### Access Answers to NCERT Class 7 Maths Chapter 6 – The Triangle and its Properties Exercise 6.2

**1. Find the value of the unknown exterior angle x in the following diagram:**

**(i)**

**Solution:-**

We Know That,

An exterior angle of a triangle is equal to the sum of its interior opposite angles.

= x = 50^{o }+ 70^{o}

= x = 120^{o}

**(ii)**

**Solution:-**

We Know That,

An exterior angle of a triangle is equal to the sum of its interior opposite angles.

= x = 65^{o }+ 45^{o}

= x = 110^{o}

**(iii)**

**Solution:-**

We Know That,

An exterior angle of a triangle is equal to the sum of its interior opposite angles.

= x = 30^{o }+ 40^{o}

= x = 70^{o}

**(iv)**

**Solution:-**

We Know That,

An exterior angle of a triangle is equal to the sum of its interior opposite angles.

= x = 60^{o }+ 60^{o}

= x = 120^{o}

**(v)**

**Solution:-**

We Know That,

An exterior angle of a triangle is equal to the sum of its interior opposite angles.

= x = 50^{o }+ 50^{o}

= x = 100^{o}

**(vi)**

**Solution:-**

We Know That,

An exterior angle of a triangle is equal to the sum of its interior opposite angles.

= x = 30^{o }+ 60^{o}

= x = 90^{o}

**2. Find the value of the unknown interior angle x in the following figures:**

**(i)**

**Solution:-**

We Know That,

An exterior angle of a triangle is equal to the sum of its interior opposite angles.

= x + 50^{o} = 115^{o}

By transposing 50^{o} from LHS to RHS it becomes – 50^{o}

= x = 115^{o} – 50^{o}

= x = 65^{o}

**(ii)**

**Solution:-**

We Know That,

An exterior angle of a triangle is equal to the sum of its interior opposite angles.

= 70^{o} + x = 100^{o}

By transposing 70^{o} from LHS to RHS it becomes – 70^{o}

= x = 100^{o} – 70^{o}

= x = 30^{o}

**(iii)**

**Solution:-**

We Know That,

An exterior angle of a triangle is equal to the sum of its interior opposite angles.

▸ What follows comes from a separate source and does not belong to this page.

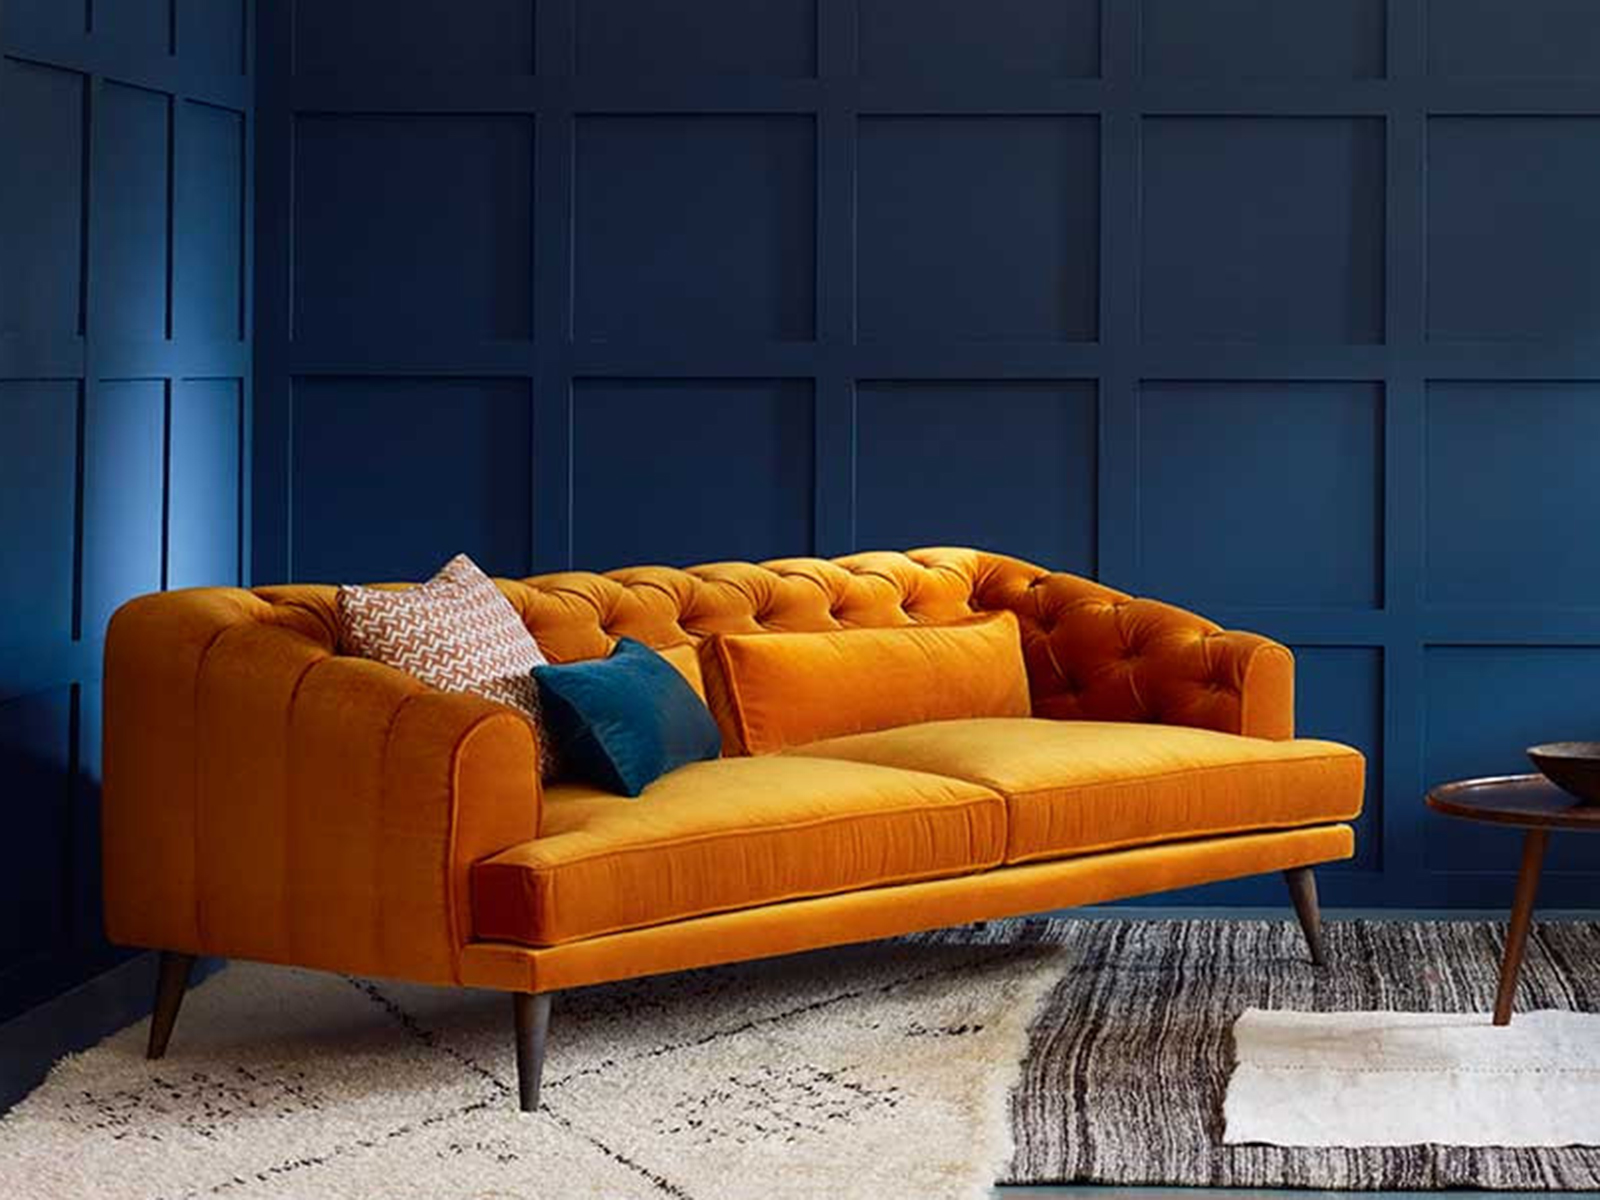 sofa. +110 Unique Living Room Furniture Pieces That Amaze Everyone

The given triangle is a right angled triangle. So the angle opposite to the x is 90^{o}.

= x + 90^{o} = 125^{o}

By transposing 90^{o} from LHS to RHS it becomes – 90^{o}

= x = 125^{o} – 90^{o}

= x = 35^{o}

**(iv)**

**Solution:-**

We Know That,

An exterior angle of a triangle is equal to the sum of its interior opposite angles.

= x + 60^{o} = 120^{o}

By transposing 60^{o} from LHS to RHS it becomes – 60^{o}

= x = 120^{o} – 60^{o}

= x = 60^{o}

**(v)**

**Solution:-**

We Know That,

An exterior angle of a triangle is equal to the sum of its interior opposite angles.

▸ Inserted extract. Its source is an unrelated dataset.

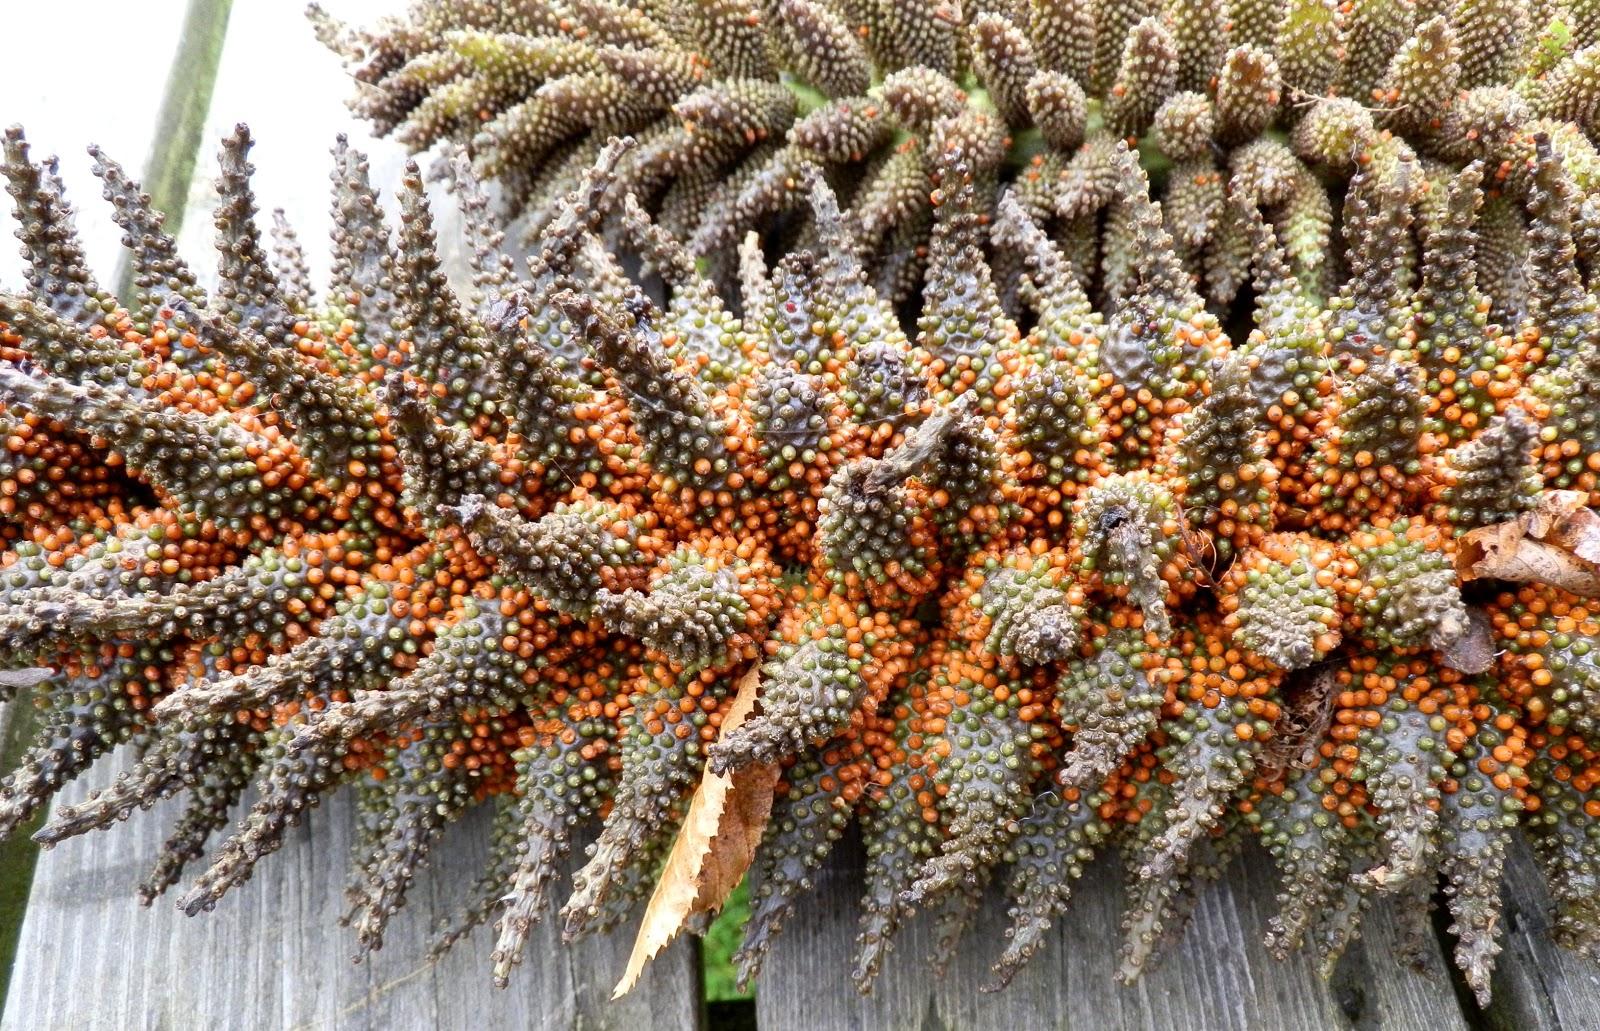 Giant Rhubarb - Gunnera tinctoria seeds 3

The given triangle is a right angled triangle. So the angle opposite to the x is 90^{o}.

= x + 30^{o} = 80^{o}

By transposing 30^{o} from LHS to RHS it becomes – 30^{o}

= x = 80^{o} – 30^{o}

= x = 50^{o}

**(vi)**

**Solution:-**

We Know That,

An exterior angle of a triangle is equal to the sum of its interior opposite angles.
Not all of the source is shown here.